We should not forget to acknowledge the affirmative and rallying effect of queer comics simply greeting their readers as queer citizens together. By addressing and thereby helping to assemble their implied audience, LGBTQ+ comics establish a sense of readers’ shared affinity. Their community-promoting function….

Suggesting that at least one form of comics community is queer readers and (presumably) authors, or at least texts (another interesting idea: as a comic can be queer, let’s say, regardless of whether the creator is, can a community be a queer person or persons and a text they identify as queer?) They also point to Darieck Scott and Ramzi Fawaz’s critical introductory essay “Queer about Comics” (2018), wherein they suggest that comics status as a “marginal” medium—a perceived outsider medium, that is—“thus hails counterpublics,” a .. well, to come back to the word, community that is aware of its’ subordinate, outsider status within a larger public/community. Honestly, I’m not really interested in the comics-itself-as-marginalized thing, I think that’s quite an oversimplification, so I’m not going to spend time with that idea right now, with apologies for Scott and Fawaz. But this does get me back to community/counterpublics situated around the text - important to Michael Warner’s formulation, publics and counterpublics are formed through circulation of ideas/media/rhetoric, that is, texts, in the broadest sense of the world.

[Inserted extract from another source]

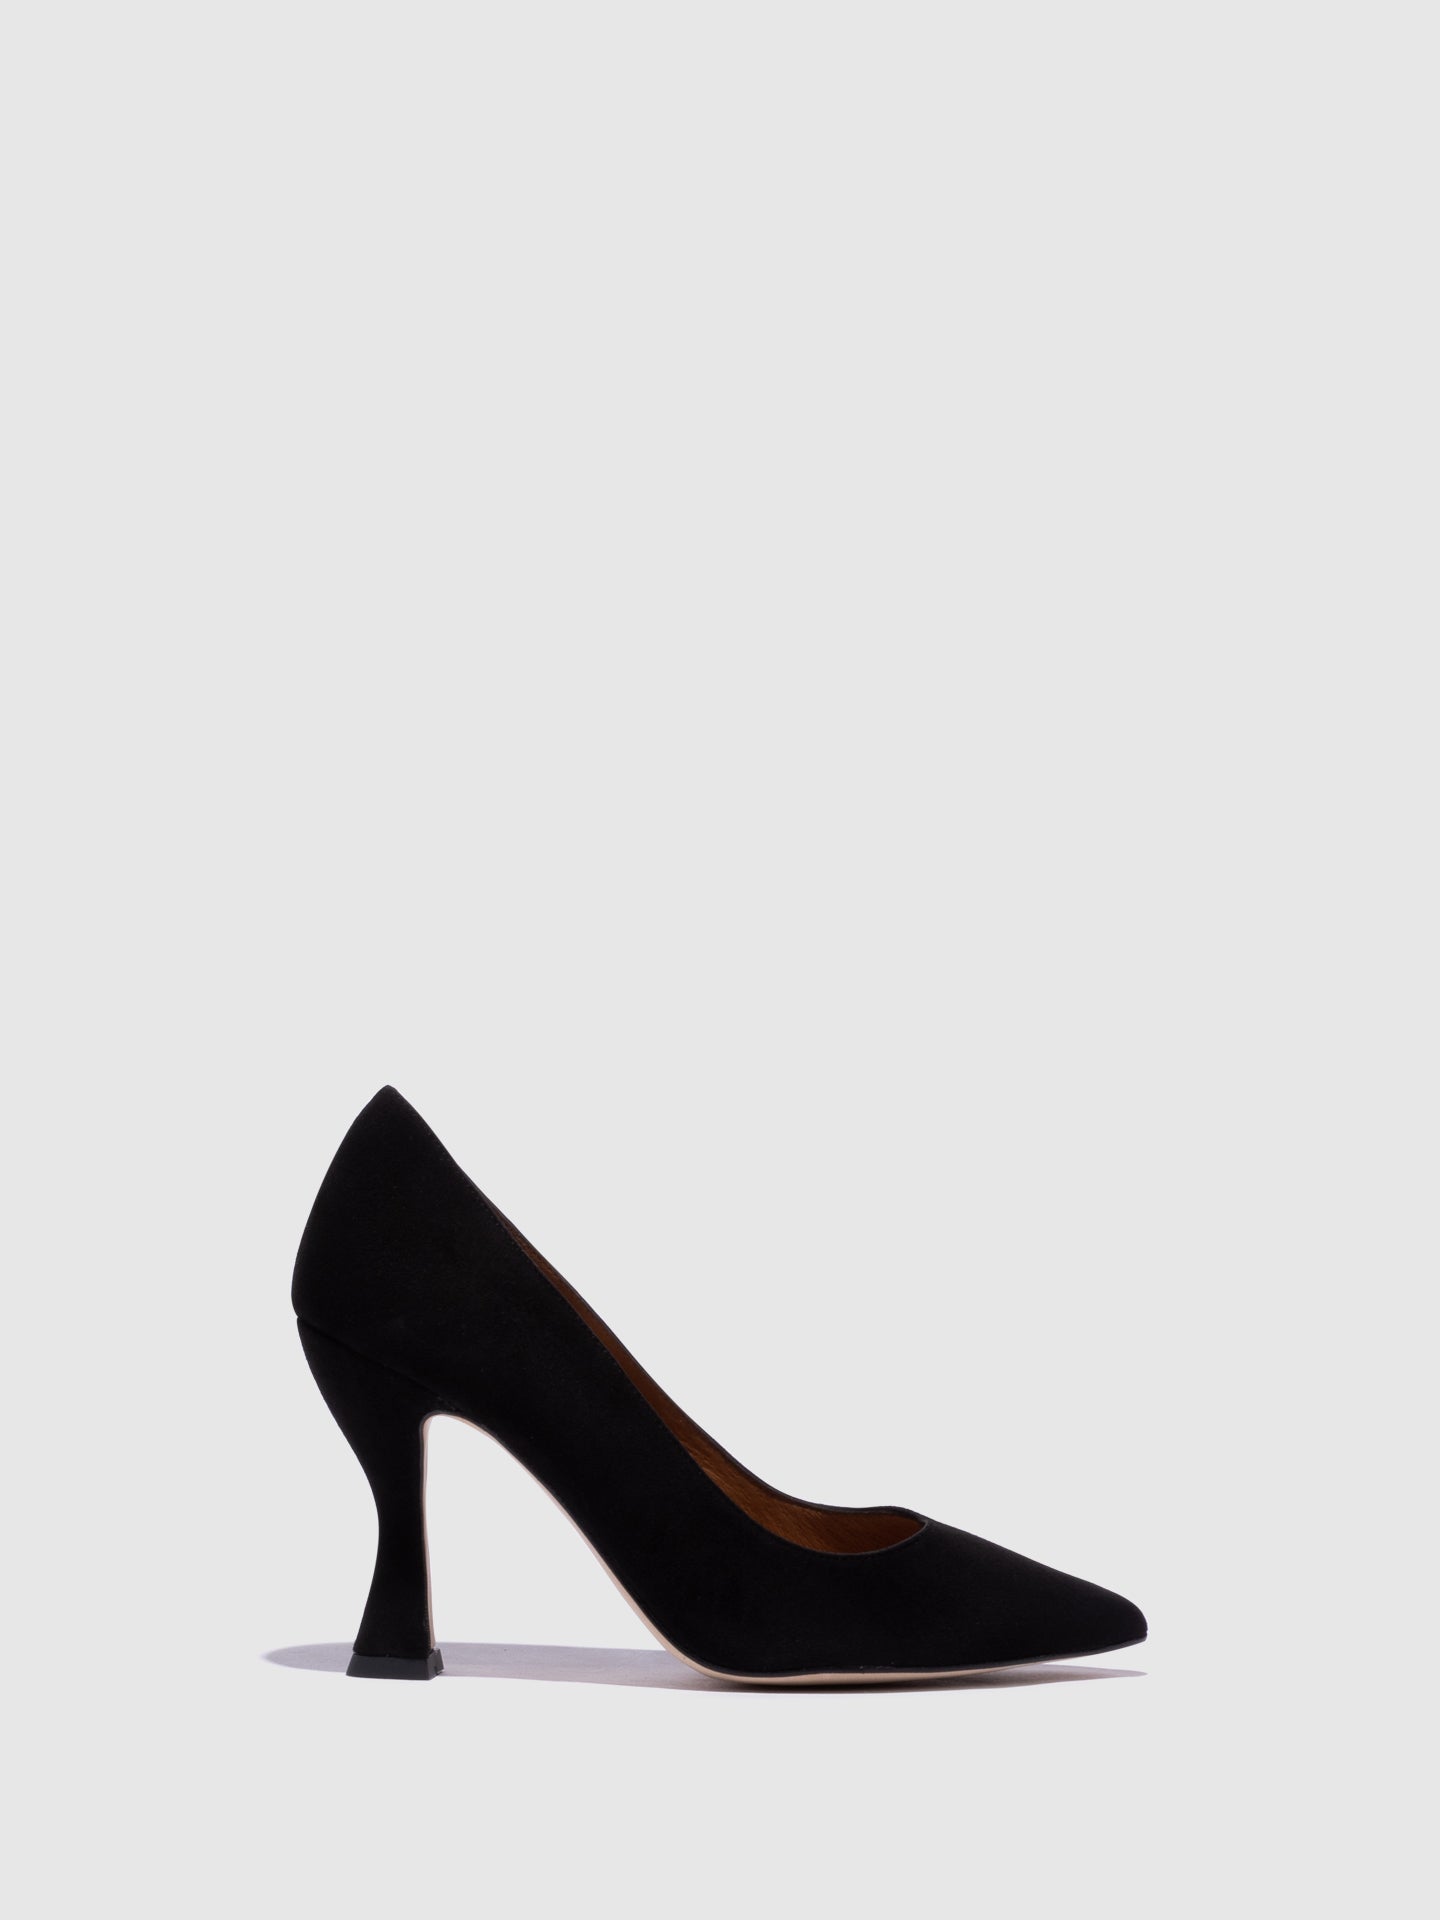 Sofia Costa Black Stiletto Shoes

Anyway, I’m starting to meander and I need to re-read Publics and Counterpublics before I get any further. To get back to the point - Emma’s opinion and mine - it’s more like - okay, how do you put yourself in community, right? Are all trans cartoonists automatically in community—if you define community as “shared gender status” and “shared creative output” then yeah, absolutely. Does that, in the practical sense, mean anything? That I don’t know. So it’s probably less about the theory and more the function. When I think of the artists I’d put myself in community with, the functionality is: I know them, I know we pull from a similar lineage of work, I know we engage in similar or shared production. Other self-published or zine artists. Other trans artists who engage with transness politically. Which is along the lines of what Emma said, being centered around a group or organization, though I wouldn’t necessarily think of a formally existing group as a requisite.

There’s more to dig in to here, but I’m sleepy now.